By telling them to pay their fucking bills.
Or stop spending more than their GDP on free shit.
Ugh, Shepherd Book/Det.Harris has died.
Ron Glass - R.I.P.
"Sure, I want free trade but I want smart trade, which seeks to protect the American worker and American manufacturing jobs(*)" - Donald "El Trumpo" Trump
(* Translation into English: I don't want trade at all.)
Someone please explain to me exactly what globalization means and its supposed benefits.
A lot of different people mean a lot of different things by this term.
Some mean "free trade", but oddly, we never seem to get free trade, just "managed trade" which may or may not be better than what came before, especially if you measure "better" by things other than pure volume/dollars. On the whole this aspect of it is probably more libertarian, depending on the details.

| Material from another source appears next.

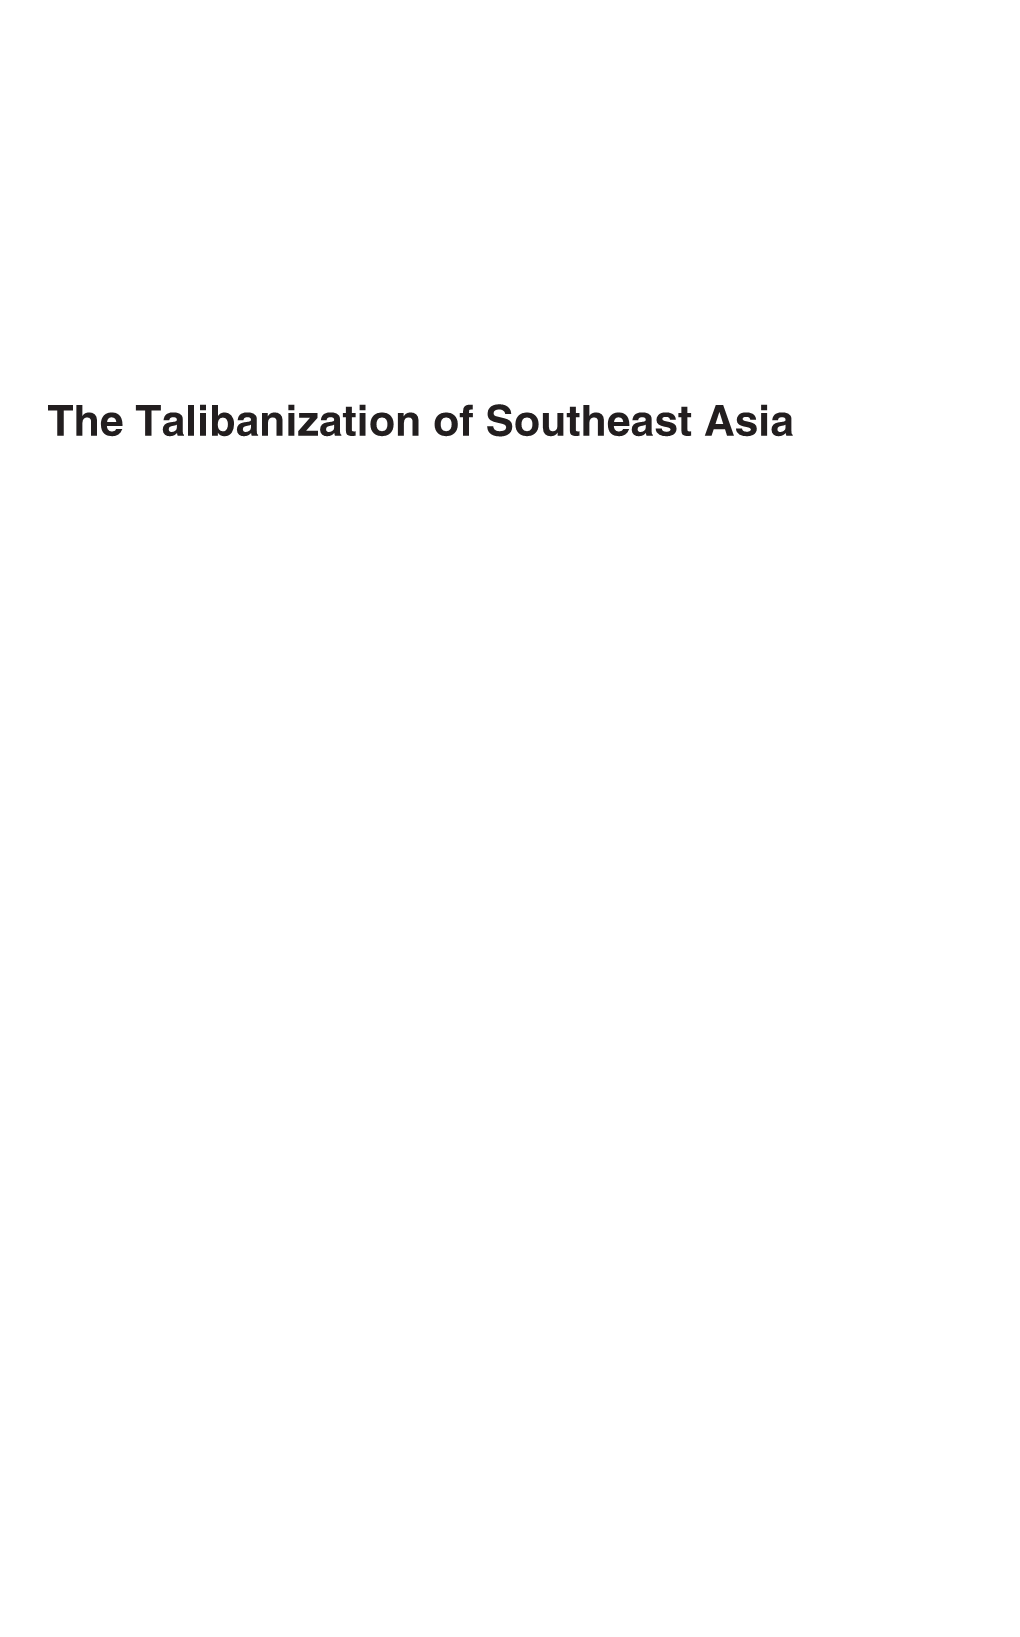 The Talibanization of Southeast Asia Praeger Security International Advisory Board

As far as the EU goes, you get less local control of government, and an entrenched, unelected bureaucracy issuing reams of regulations that you can do nothing about. This aspect of globalization is irredeemably anti-libertarian. The UN likes to play this game, too, and has been trying to get an anti-gun version of this on the books.
There is a related strain of globalism, often showing up in managed trade agreements, that talks about "harmonization" of laws and regulations among countries. The justification is to create a level economic playing field. However, harmonization may tend toward raising regulatory burdens to create the level playing field. Hard to say, but on the whole, I don't expect anything being delivered to us by a transnational bureaucracy to increase my freedom.
This was my impression all along.
The trade aspect really isnt difficult to fix. Simply have reciprocity with other nations. That would kill off a great deal of protectionist policy and free things up quite a bit. This has no relation to the gun issue or any other domestic policy not directly related to trade, but then thats not what they are about.
As far as the UN wanting my guns - come try to take them, motherfuckers. Stick your solar panels up your ass while you are at it.
RE: The Ethical Argument for Free Trade
What?
Free trade?
With anyone you choose to trade with?
Sounds dangerous to me.
I mean, the little people making decisions for themselves and engaging in capitalist enterprises?
What would our obvious betters enslaving us all say?
What would Jill Stein say?
What would Bernie Saunders say?
What would Fidel Castro say if he was alive?
What would North Korea say?
What would all the over-educated academic airheads say?
They would all call us capitalist pigs and dinosaurs for such activities.
We must all conform to the standards of Marxist thought or face the nasty verbal assaults on those much wiser than us.